▼▼▼

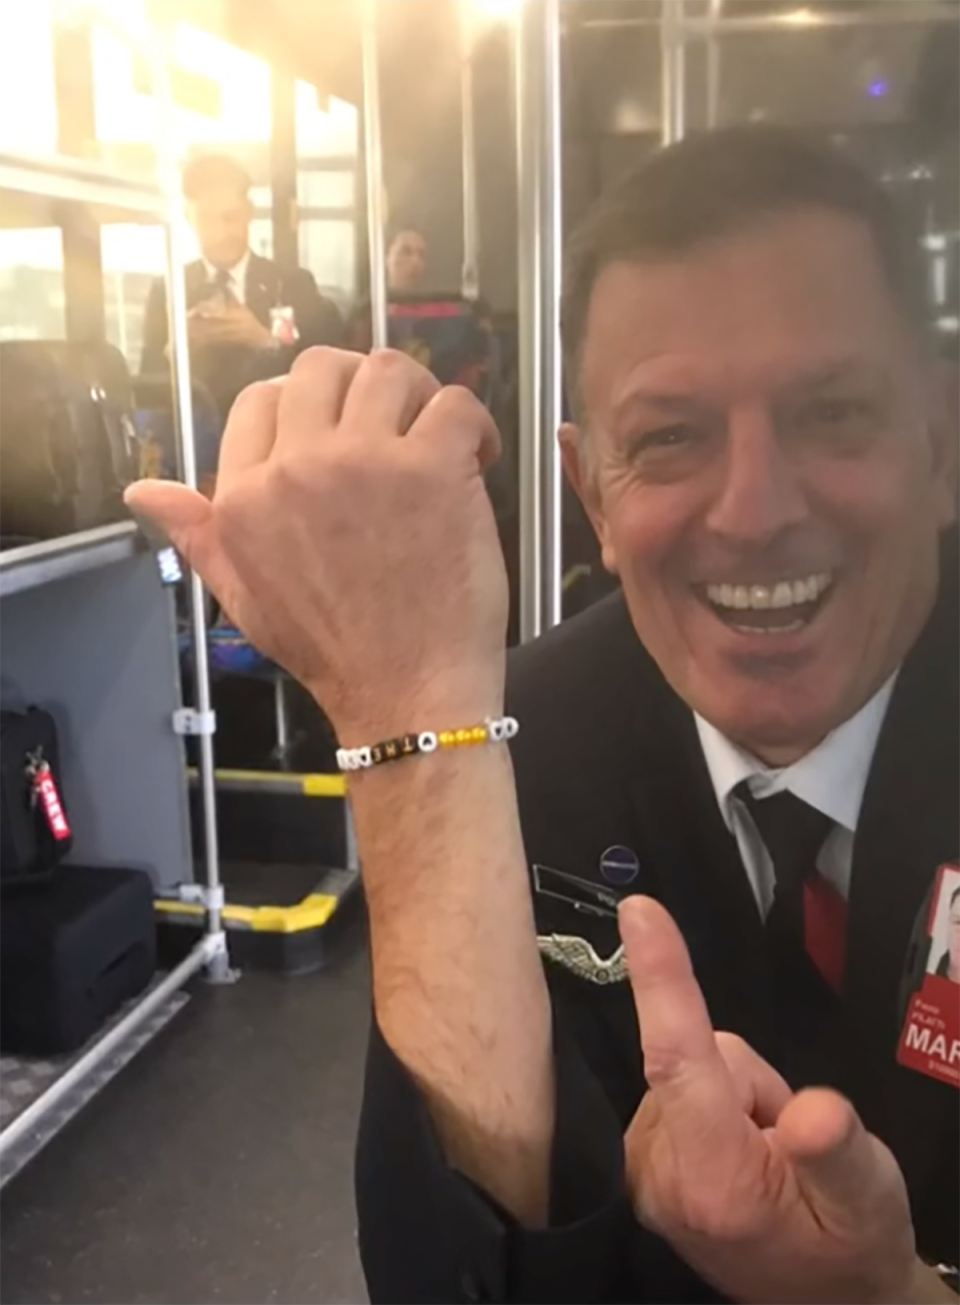 Qantas cabin crew member Paul Pillati posing with a friendship bracelet.
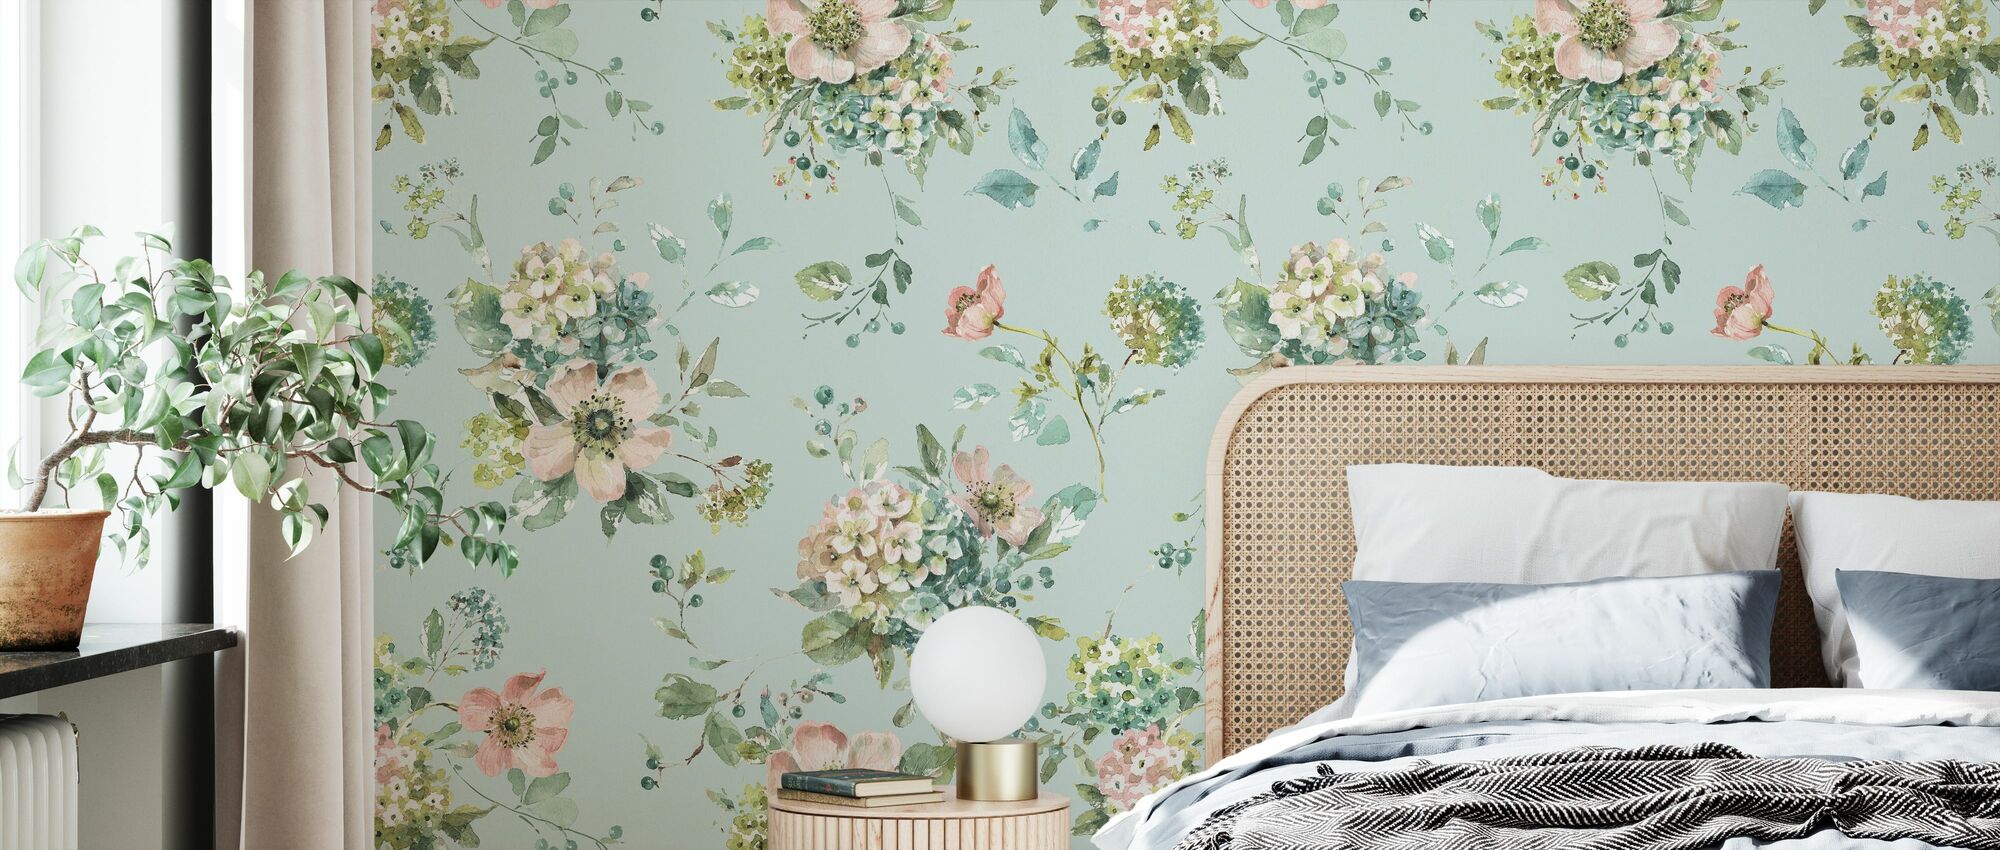  21 fabulous spring-inspired wallpapers - Mint Crush wall mural / wallpaper
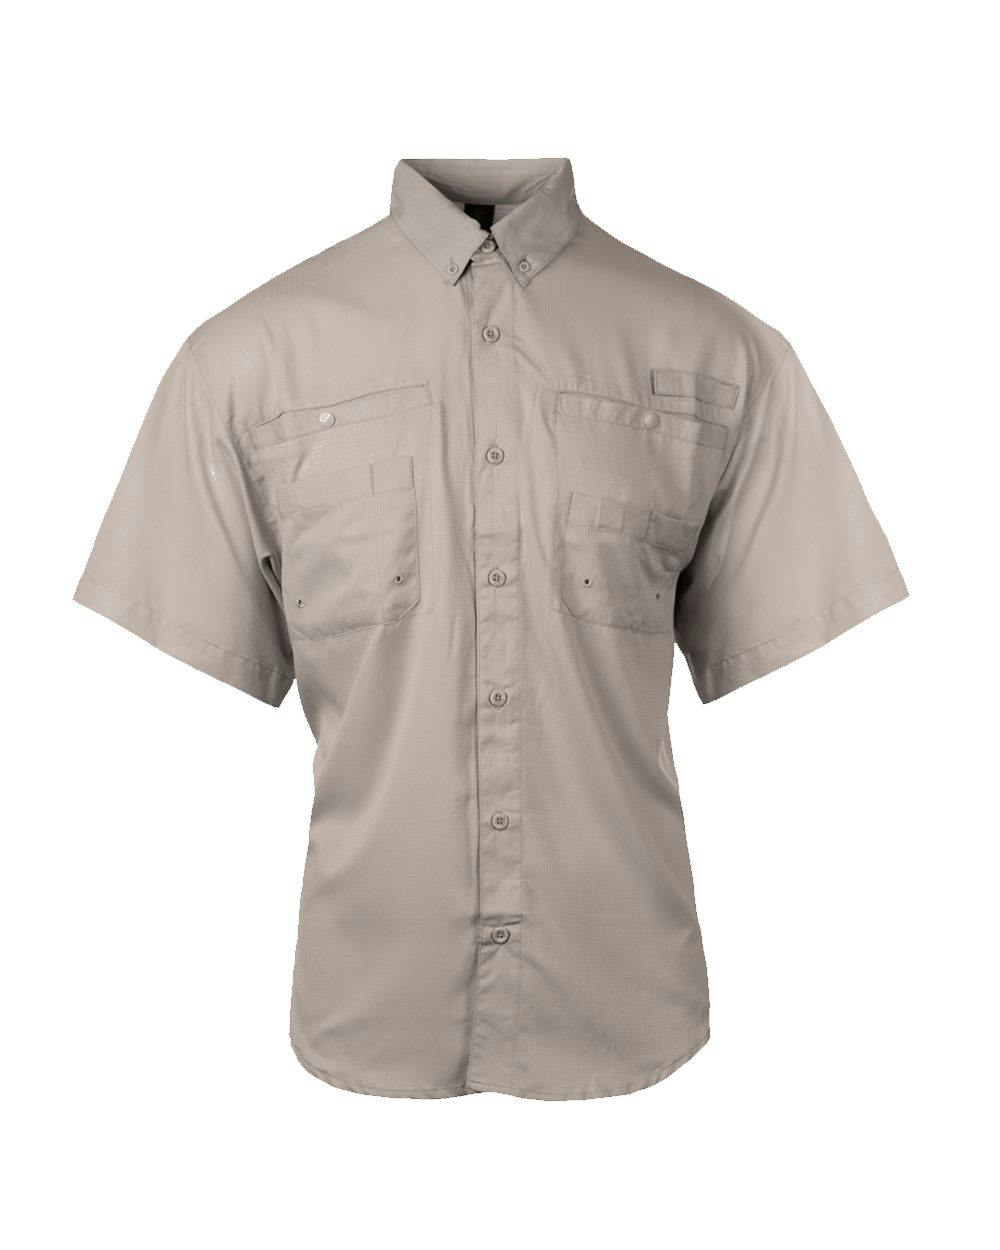 Image for Baja Short Sleeve Fishing Shirt - 2297

▲▲▲

Before copying the data, remove the pictures. Then repeat the rest exactly.

■ ANSWER SPACE
 Qantas cabin crew member Paul Pillati posing with a friendship bracelet.
  21 fabulous spring-inspired wallpapers - Mint Crush wall mural / wallpaper
 Image for Baja Short Sleeve Fishing Shirt - 2297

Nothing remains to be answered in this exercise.